* **Task item**:
Look through the records below and copy each line that includes the word "Dress".

Dataset records:
──────────
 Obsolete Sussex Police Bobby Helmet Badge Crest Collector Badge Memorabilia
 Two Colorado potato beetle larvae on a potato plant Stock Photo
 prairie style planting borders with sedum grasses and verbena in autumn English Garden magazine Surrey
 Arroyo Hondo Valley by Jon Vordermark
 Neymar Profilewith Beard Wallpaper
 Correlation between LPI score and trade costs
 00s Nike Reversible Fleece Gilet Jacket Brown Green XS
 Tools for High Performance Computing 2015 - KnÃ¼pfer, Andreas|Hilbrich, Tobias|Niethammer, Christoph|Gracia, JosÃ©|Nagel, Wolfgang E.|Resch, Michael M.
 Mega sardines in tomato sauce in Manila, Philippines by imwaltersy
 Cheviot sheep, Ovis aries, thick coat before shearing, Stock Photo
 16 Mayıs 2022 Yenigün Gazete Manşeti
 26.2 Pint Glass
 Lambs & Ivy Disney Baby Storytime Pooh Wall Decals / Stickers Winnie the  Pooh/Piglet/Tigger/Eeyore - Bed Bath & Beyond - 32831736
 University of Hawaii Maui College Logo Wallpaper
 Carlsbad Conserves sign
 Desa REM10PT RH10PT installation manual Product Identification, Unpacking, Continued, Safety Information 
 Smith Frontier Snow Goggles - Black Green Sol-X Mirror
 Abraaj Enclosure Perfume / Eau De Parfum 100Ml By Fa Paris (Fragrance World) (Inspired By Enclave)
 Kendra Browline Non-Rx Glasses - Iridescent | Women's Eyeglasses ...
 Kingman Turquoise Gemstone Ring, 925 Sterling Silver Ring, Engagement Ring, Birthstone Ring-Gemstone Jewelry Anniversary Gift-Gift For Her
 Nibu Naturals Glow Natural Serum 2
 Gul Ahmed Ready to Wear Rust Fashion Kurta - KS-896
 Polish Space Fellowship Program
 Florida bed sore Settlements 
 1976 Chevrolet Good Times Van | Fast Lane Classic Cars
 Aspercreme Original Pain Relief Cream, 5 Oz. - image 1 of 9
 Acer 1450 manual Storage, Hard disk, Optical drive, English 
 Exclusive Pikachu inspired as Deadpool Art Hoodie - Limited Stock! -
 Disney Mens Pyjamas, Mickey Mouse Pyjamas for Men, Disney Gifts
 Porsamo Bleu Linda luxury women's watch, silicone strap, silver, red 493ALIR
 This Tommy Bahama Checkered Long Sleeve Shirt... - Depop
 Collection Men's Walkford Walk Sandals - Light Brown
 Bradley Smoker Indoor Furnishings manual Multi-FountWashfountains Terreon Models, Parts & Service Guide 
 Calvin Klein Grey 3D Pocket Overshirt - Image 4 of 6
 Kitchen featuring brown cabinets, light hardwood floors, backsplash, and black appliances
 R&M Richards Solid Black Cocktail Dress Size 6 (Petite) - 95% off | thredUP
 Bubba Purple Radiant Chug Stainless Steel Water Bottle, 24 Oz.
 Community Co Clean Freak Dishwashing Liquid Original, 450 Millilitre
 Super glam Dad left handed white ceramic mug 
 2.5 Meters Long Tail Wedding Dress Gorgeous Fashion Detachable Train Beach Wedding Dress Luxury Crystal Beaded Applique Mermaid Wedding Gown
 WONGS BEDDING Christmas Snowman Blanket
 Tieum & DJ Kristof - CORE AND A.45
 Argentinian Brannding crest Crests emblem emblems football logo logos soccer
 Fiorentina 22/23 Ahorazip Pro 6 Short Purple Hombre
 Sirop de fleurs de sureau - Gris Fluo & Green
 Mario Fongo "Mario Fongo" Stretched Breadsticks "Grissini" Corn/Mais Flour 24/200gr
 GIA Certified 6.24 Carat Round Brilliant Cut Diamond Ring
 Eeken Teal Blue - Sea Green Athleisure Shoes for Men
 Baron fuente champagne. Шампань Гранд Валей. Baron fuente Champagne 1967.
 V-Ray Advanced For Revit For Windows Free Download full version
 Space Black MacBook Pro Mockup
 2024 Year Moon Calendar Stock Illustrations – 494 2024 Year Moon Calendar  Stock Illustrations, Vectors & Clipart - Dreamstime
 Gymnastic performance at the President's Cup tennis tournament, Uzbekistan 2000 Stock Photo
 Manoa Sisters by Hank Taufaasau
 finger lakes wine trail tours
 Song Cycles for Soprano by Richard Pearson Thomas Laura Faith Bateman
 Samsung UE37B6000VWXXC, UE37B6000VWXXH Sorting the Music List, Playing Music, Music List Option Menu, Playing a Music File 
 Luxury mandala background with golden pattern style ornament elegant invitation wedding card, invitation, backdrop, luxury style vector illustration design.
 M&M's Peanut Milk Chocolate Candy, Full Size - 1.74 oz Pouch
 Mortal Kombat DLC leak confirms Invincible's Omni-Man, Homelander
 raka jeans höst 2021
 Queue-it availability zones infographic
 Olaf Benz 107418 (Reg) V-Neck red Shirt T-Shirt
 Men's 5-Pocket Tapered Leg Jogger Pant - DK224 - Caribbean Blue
──────────
* **Reply to the task**:
 R&M Richards Solid Black Cocktail Dress Size 6 (Petite) - 95% off | thredUP
 2.5 Meters Long Tail Wedding Dress Gorgeous Fashion Detachable Train Beach Wedding Dress Luxury Crystal Beaded Applique Mermaid Wedding Gown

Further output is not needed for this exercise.